Olmadı... Evet, 1/18 ile üçlük atan Kerem Tunçeri'nin topu kullanması doğru değildi. Evet, Emir Preldzic'in 5 saniye hatasını yapması büyük hataydı. Peki, maçı buraya getirmek doğru muydu?

Fransa öyle bir takımdı ki, 40 dakika boyunca oyun konsantrasyonundan kopmamak lazımdı. Çünkü, rakibi böyle bir iniş-çıkış yaşadığında affetmezdi Fransızlar. Nitekim öyle de oldu. Tıpkı Polonya maçındaki gibi 3.çeyrekte çöktük. 10-0'lık seri bizi geri dönüşü olmayan bir yola soktu... Üstelik bu durumun sebeplerinden biri hakem değildi.

 Kırılma anının yaşandığı o sekansa gelene kadar yaptığımız top kayıpları çok can sıkıcıydı. Genelde top kaybı sayısını  2 ile çarptığınızda çıkan rakam kadar potanızda sayı görürsünüz Fransa karşısında. Ancak milli takımın top kaybından doğan sayı yemeyi minimize etmesi Fransa'nın istediği tempoyu yakalamasını engelledi. Böylece skor açısından oyunda kalmayı başardık. Tony Parker ve Nicolas Batum'u birebir savunmada sıkıntı yaşamasak öne bile geçebilirdik.

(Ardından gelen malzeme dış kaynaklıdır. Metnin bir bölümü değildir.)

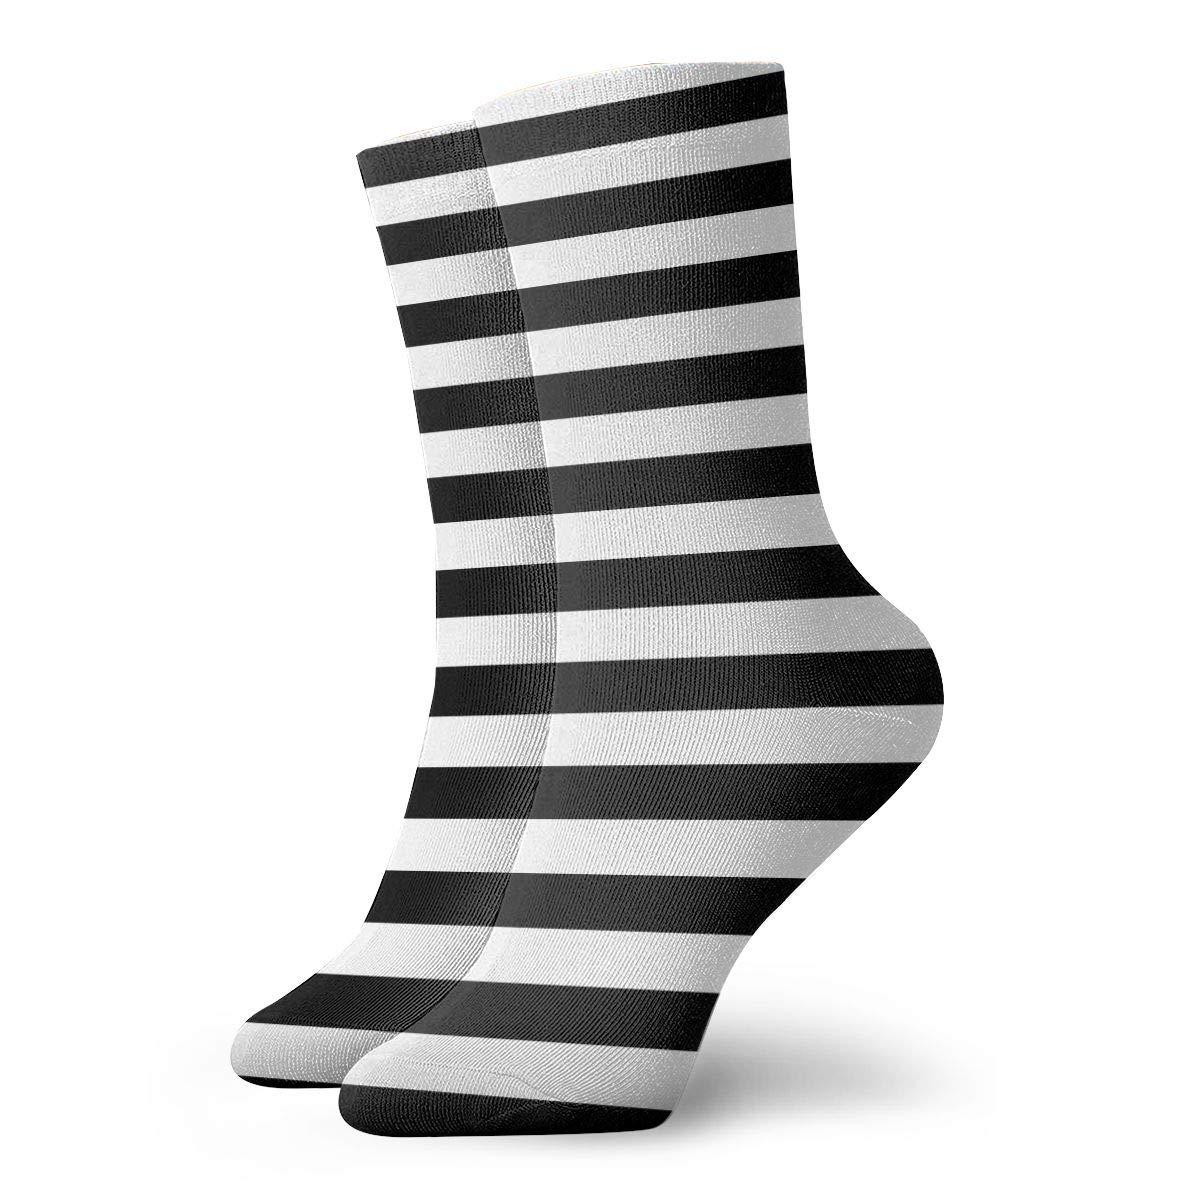 Fashion Unisex Casual Cotton Socks Black and White Striped Mens Women/'s Socks
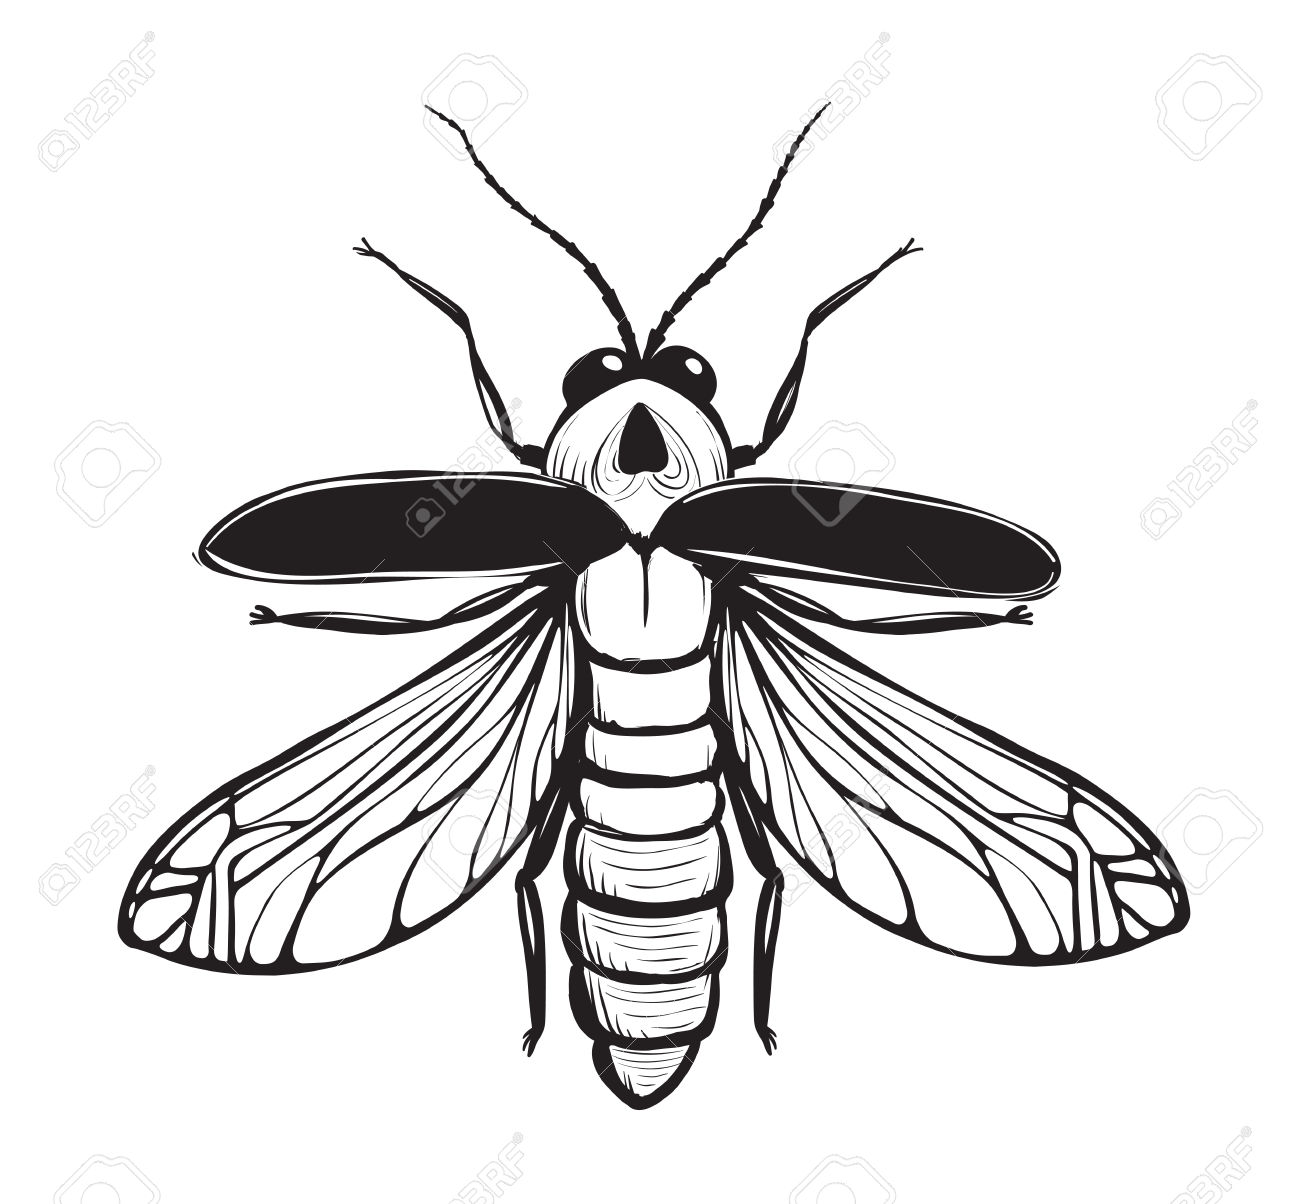 1300x1204 29081734 Firefly Insect Black Inky Drawing Bug Glowworm

Mağlubiyetten sonra herkesin dilinde 'gard sıkıntısı' vardı. Ben milli takıma karşı asla körü körüne saldırgan bir tavır takınılmaması gerektiğini düşünürüm. Orhun Ene ve Enes Kanter konusunda da böyleydi düşüncem. Ancak PG konusunda maalesef iyi şeyler söylemek mümkün değil. Daha kadro açıklandığında sıkıntı olacağı belliydi. Zaten Ender'den istikrarlı bir performans beklemek yanlış. Elinden gelenin en iyisini yapıyor ancak maalesef kalburüstü bir takımın ilk beş gardı olabilecek bir oyuncu değil. Kimi maçlarda kenardan gelerek ekstra oynamasına söyleyecek lafım yok, ama takıma verip verebileceği katkı da o kadar.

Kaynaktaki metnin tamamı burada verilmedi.